L’Italia continua a franare. Secondo l’inventario pubblicato nel 2021 dall’ISPRA, l’Istituto Superiore per la Protezione e la Ricerca Ambientale, le 625.000 frane italiane interessano il 7,9% del territorio nazionale, nel 28% dei casi con “velocità elevate” ed “elevata distruttività”. La tragedia di Casamicciola, a Ischia, con 12 morti e centinaia di case evacuate, ha riportato questa realtà in primo piano. Crolli e frane interessano anche le Alpi, dove il cambiamento climatico rende vette e pareti più fragili.

Ne parliamo con il geologo Andrea Tamburini, esperto nella prevenzione e nella gestione del rischio idrogeologico, che ha collaborato con la Protezione Civile e ha partecipato a spedizioni scientifiche in Himalaya, nel Karakorum e nelle Ande. Tamburini ha insegnato all’Università di Trieste. Oggi lavora in una società privata, la IMAGEO, e insegna Geologia Ambientale nella sede di Edolo, in Val Camonica, dell’Università della Montagna di Milano. “E’ anche un contributo per mantenere viva la valle” spiega.

Nella scorsa estate le televisioni e i giornali si sono spesso occupati di crolli di roccia e ghiaccio ad alta quota, dalla Marmolada al Monte Bianco. Stiamo assistendo a un aumento delle frane? Cosa succede sulle Alpi, dove gli effetti del cambiamento climatico e della riduzione del permafrost sono più forti?

La quota dei punti di distacco delle frane si sta alzando, e la colpa è del cambiamento climatico. Dopo il 2000 c’è stata un’accelerazione che noi geologi non ci aspettavamo. Nel 2003 sono crollate la Cheminée del Cervino e la ferrata del rifugio Marco e Rosa al Bernina, nel 2004 una enorme frana è caduta dalla Punta Thurwieser, sull’Ortles. Nel 2007 una “valanga di roccia” si è staccata dalla parete Est del Monte Rosa, tra 4000 e 4200 metri di quota. 

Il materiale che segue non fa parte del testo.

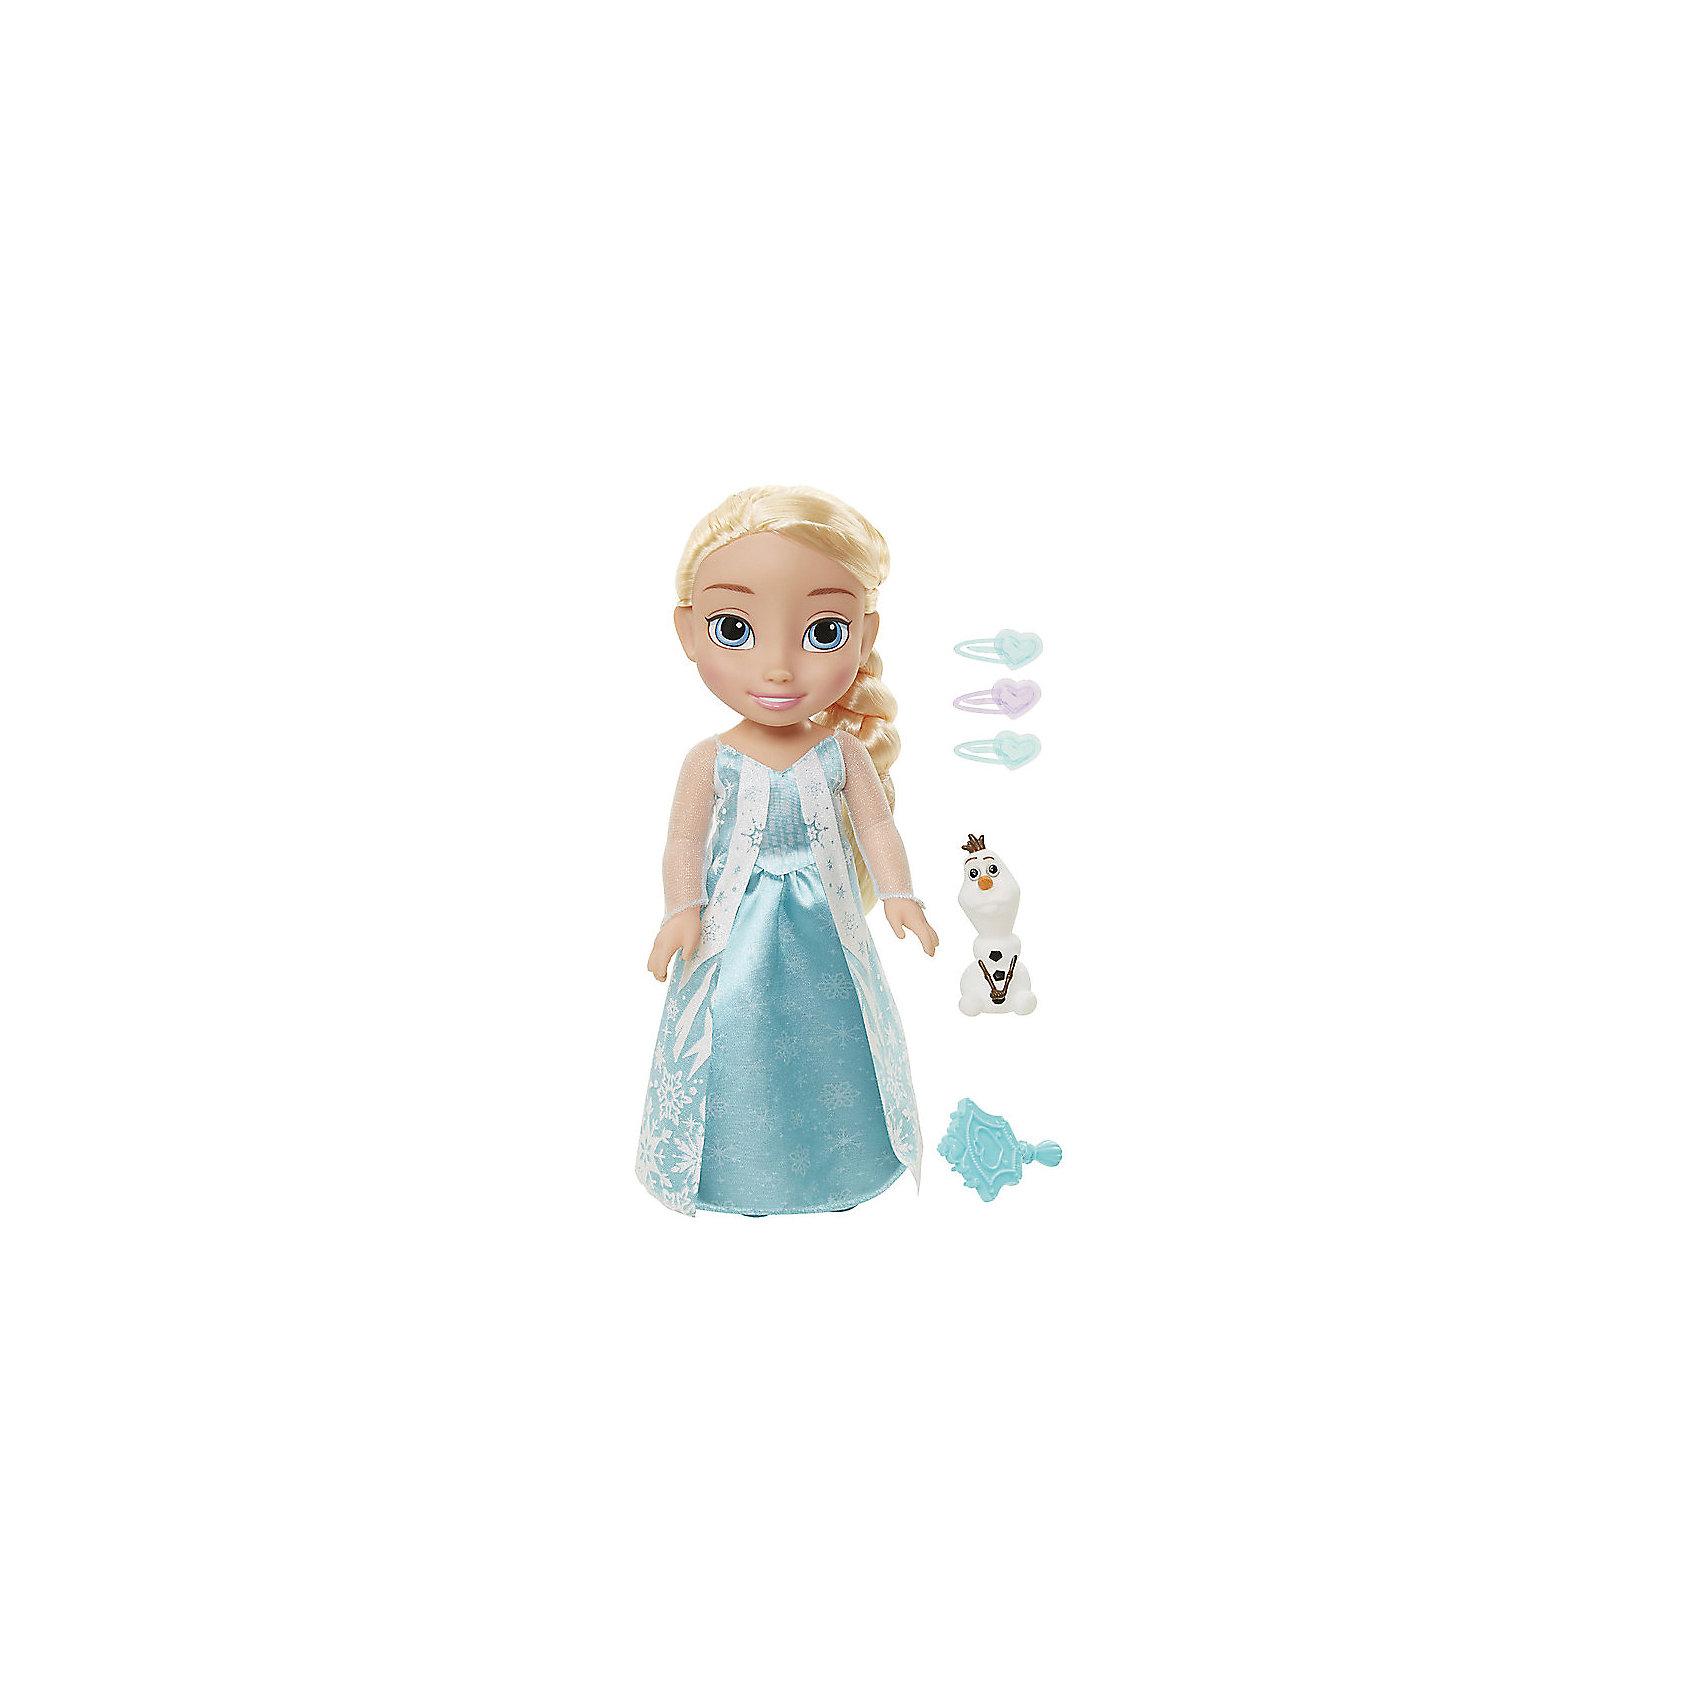 "Jakks Pacific Кукла-малышка ""Холодное сердце"" с аксессуарами, Эльза, 35 см."

Alcuni luoghi che lei ha citato sono frequentati dagli alpinisti. Si può fare qualcosa per evitare pericoli? Sarà necessario vietare gli itinerari più esposti?

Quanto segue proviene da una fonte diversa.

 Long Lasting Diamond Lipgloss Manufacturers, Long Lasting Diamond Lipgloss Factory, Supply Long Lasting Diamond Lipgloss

Si può prevenire, si può intervenire per consolidare, si può informare, ma chi sceglie di praticare l’alpinismo sa che si espone a dei rischi. La vera sfida riguarda le strade, le ferrovie, i centri abitati. Qui la sicurezza dev’essere garantita quanto più possibile.

Quanto vi aiutano le nuove tecnologie nella prevenzione dei movimenti franosi? Si può capire se un versante può franare o no?

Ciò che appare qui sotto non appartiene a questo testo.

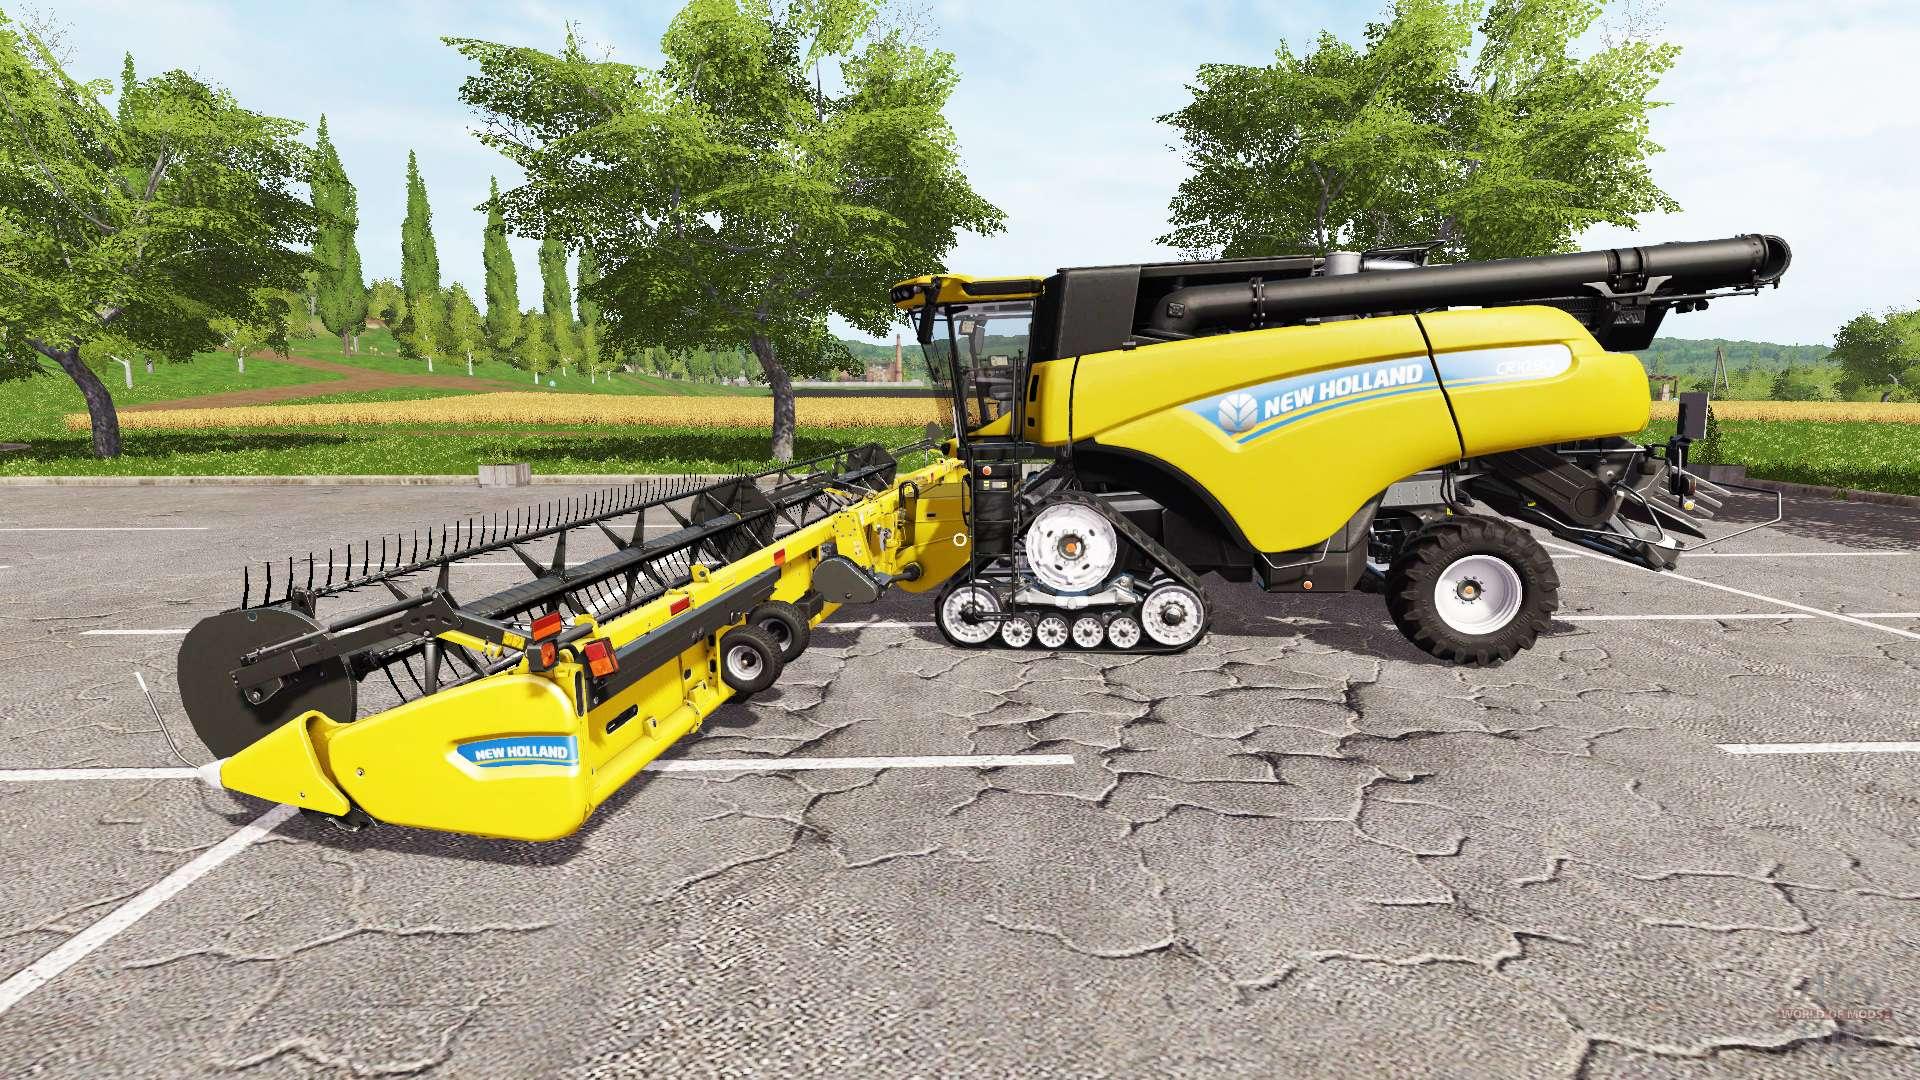 New Holland CR10 90 multicolor v2 0 for Farming Simulator 2017

Il progresso tecnologico c’è, ed è fondamentale. Nel 1987, quando avevo iniziato da poco a lavorare, mi sono occupato della frana della Val Pola, in Valtellina. Siamo stati i primi in Europa a usare un sistema di monitoraggio automatizzato, abbiamo avuto visitatori da tutto il mondo.

Dalla frana della Val Pola sono passati 35 anni. Cosa è cambiato da allora per quanto riguarda la tecnologia?

I sistemi di Early Warning possono contare su nuove tecnologie che consentono di “vedere” a distanza i movimenti di una frana, e sono sempre più leggeri ed efficaci. Anche se vengono installati in zone remote, la trasmissione dei loro dati in tempo reale non è più un problema. Oggi la copertura telefonica è buona quasi ovunque e permette di farlo. In passato non era così.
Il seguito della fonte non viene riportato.